Она не говорила Куинни, прятала эти воспоминания подальше, чтобы не тревожить понапрасну. Сестра всегда переживала слишком сильно и молча, вместо тысячи слов протягивая дымящуюся кружку мятного чая, поправляя сбившийся зимний шарф и легко подпихивая ладонью в поясницу, когда Тина уходила на свидания с Ньютом.
Куинни не могла быть во Франции. Куинни не могла… во Франции…
Кисловатый аромат тронул ноздри — так пахнут водоросли, пролежавшие пару часов на солнцепёке. Под ладонями было холодно и мокро, а вот головой чувствовалось тепло.
Тина дёрнулась и приподнялась на локте, с трудом разлепив глаза, пересохшие, будто она играла в гляделки с Аргусом. Она скорее почувствовала, чем увидела изменения. С потолка по-прежнему лился мягкий свет, но вокруг больше не было припорошенного колючим песком кафеля. Теперь вокруг раскинулся пруд, по краям поросший осокой. Вода казалась прозрачной, но дно терялось в непроглядной сосущей тьме. Вся противоположная стена была увита не то плющом, не то каким другим растением, хотя совершенно непонятно было, на чём оно растёт.
«Это место как пиявка», — неприязненно подумала Тина, оглядываясь. Островок твёрдой земли (вернее, кафеля), на котором она лежала, был не единственным. Как кочки, то тут, то там возвышались керамические плиты. При желании можно было допрыгать до комнатки с кроватью, которую отсюда было отлично видно. И что там сухо — тоже.
Сдаваться Тина не собиралась. Она не боялась ни воды, ни тех, что могут обитать под обманчиво безмятежной её гладью. Часы она проводила с Ньютом рядом с бассейном, где плавала пара гриндиллоу, поэтапно разбираясь с иррациональным, въевшимся, как масляная краска в кожу, детским страхом. И он отступил. Сложно бояться того, о чём могла бы написать небольшую статью и зарисовать в нескольких позах.
— Тина, — позвал тихий голос. У него не было чёткого источника.
— Куинни? — осторожно отозвалась Тина, не двигаясь с места. Сердце забилось чаще, глухо ударяясь о грудную клетку. В висках снова запульсировало. — Покажись.
Вода пошла рябью. Между островком и её эпицентром было несколько шагов, и Тина вжалась в стену, понимая, что бежать некуда и сражаться придётся голыми руками. Но над поверхностью не показалось никакое чудовище, подражающее человеческой речи, только размытый силуэт едва обрисовался, покинув скрытое тьмой дно.

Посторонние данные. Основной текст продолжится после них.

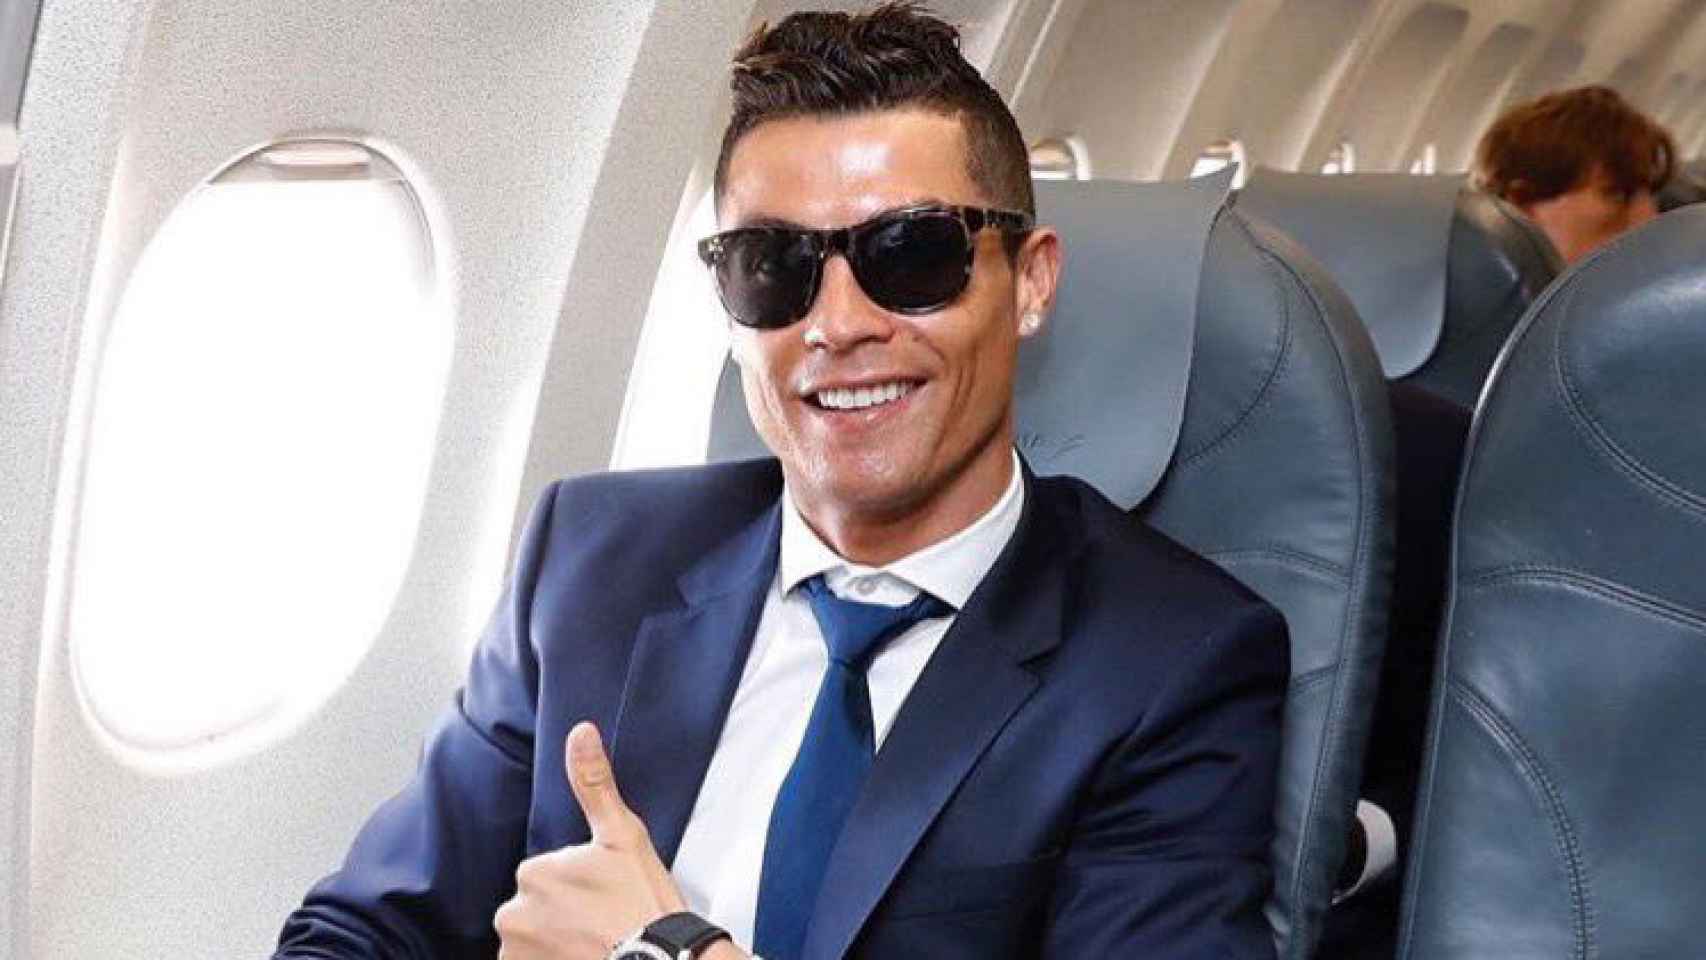 Cristiano Ronaldo en el avión a Múnich. Foto: Twitter (@Cristiano)

— Тинни, — позвали из-под воды, но Тина не двинулась с места, напряжённо наблюдая за тем, как складываются искажённые водой и светом линии в знакомые черты.

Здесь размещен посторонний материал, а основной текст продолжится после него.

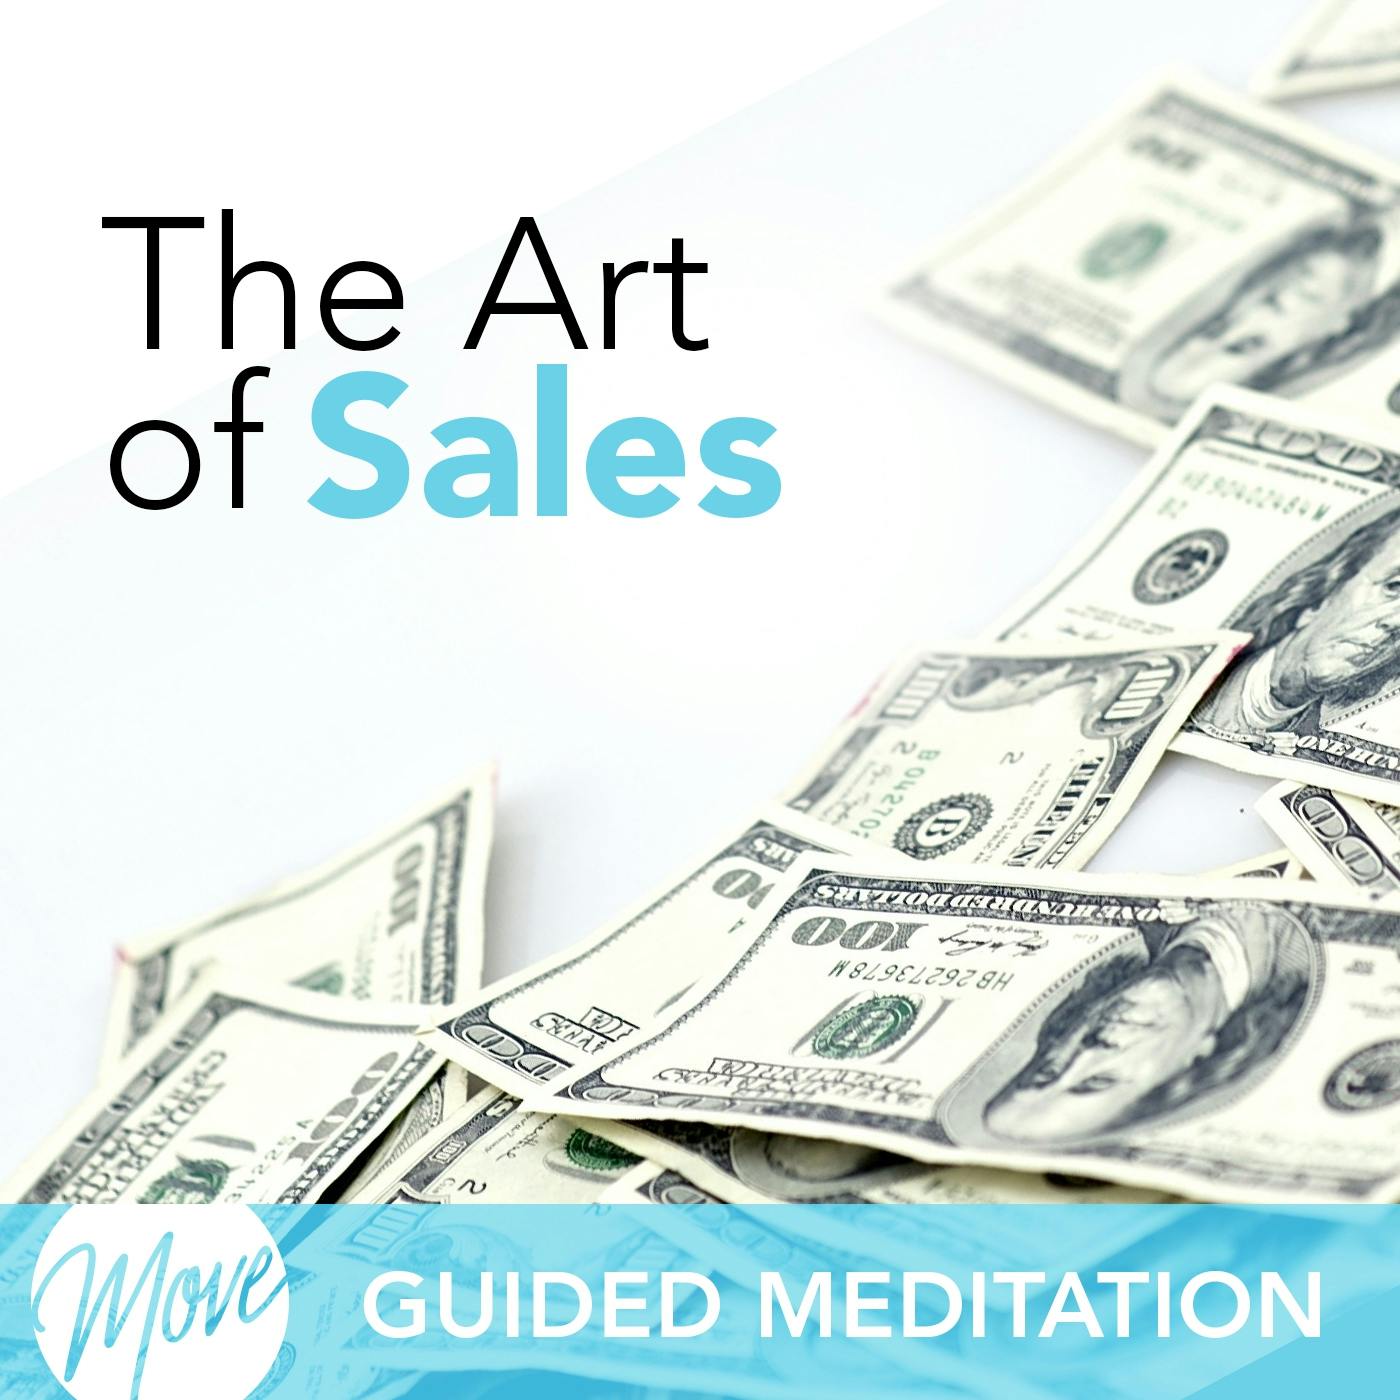 The Art of Sales - Amy Applebaum

— Тебя здесь нет, — твёрдо сказала она бледному голубоглазому лицу и кудрям, золотыми лентами разметавшимися почти на поверхности. — Ты просто видение.
— Сестра, — всхлипнул голос, — мне страшно. Что-то держит меня!
Тина крепко зажмурилась, сунув правую руку в карман. Ребристый край немажеского пятицентовика коснулся фаланги. Она сжала монету в ладони, и поначалу прохладный, он быстро нагрелся.
— Тебя здесь нет, — повторила она подводному мороку. — Ты просто порождение тёмной магии. Я ни на минуту не поверю в твоё существование.
«Это пока», — пронеслось в голове. Что будет через три дня, пять, неделю, две, когда она обессилит от голода и совсем потеряет ориентацию во времени? Во что она поверит тогда и не шагнёт ли в приветливо раскинутые объятия видения, искренне веря, что это её сестра?
— Тина! Тина, отзовись!
Тине было страшно повернуться спиной к воде, но и смотреть, как переливаются золотые ленты в мягких лучах света, было невыносимо.
— Тесей, — голос предательски дрогнул. Сжав ладонь на решётке, Тина поняла, что тело ходит ходуном. — Мне мерещится сестра.
— Ты же знаешь, что её здесь нет, — ласково сказал Тесей. — Она дома, на другом конце мира, и с ней всё хорошо, — быстро заговорил он.
— Я знаю, но… — Тина глубоко вобрала в лёгкие воздух, задержала дыхание, и медленно выдохнула через нос, — но не могу не начать сомневаться. Я совсем не помню, что было до того, как я здесь очнулась. Что если я ошибаюсь?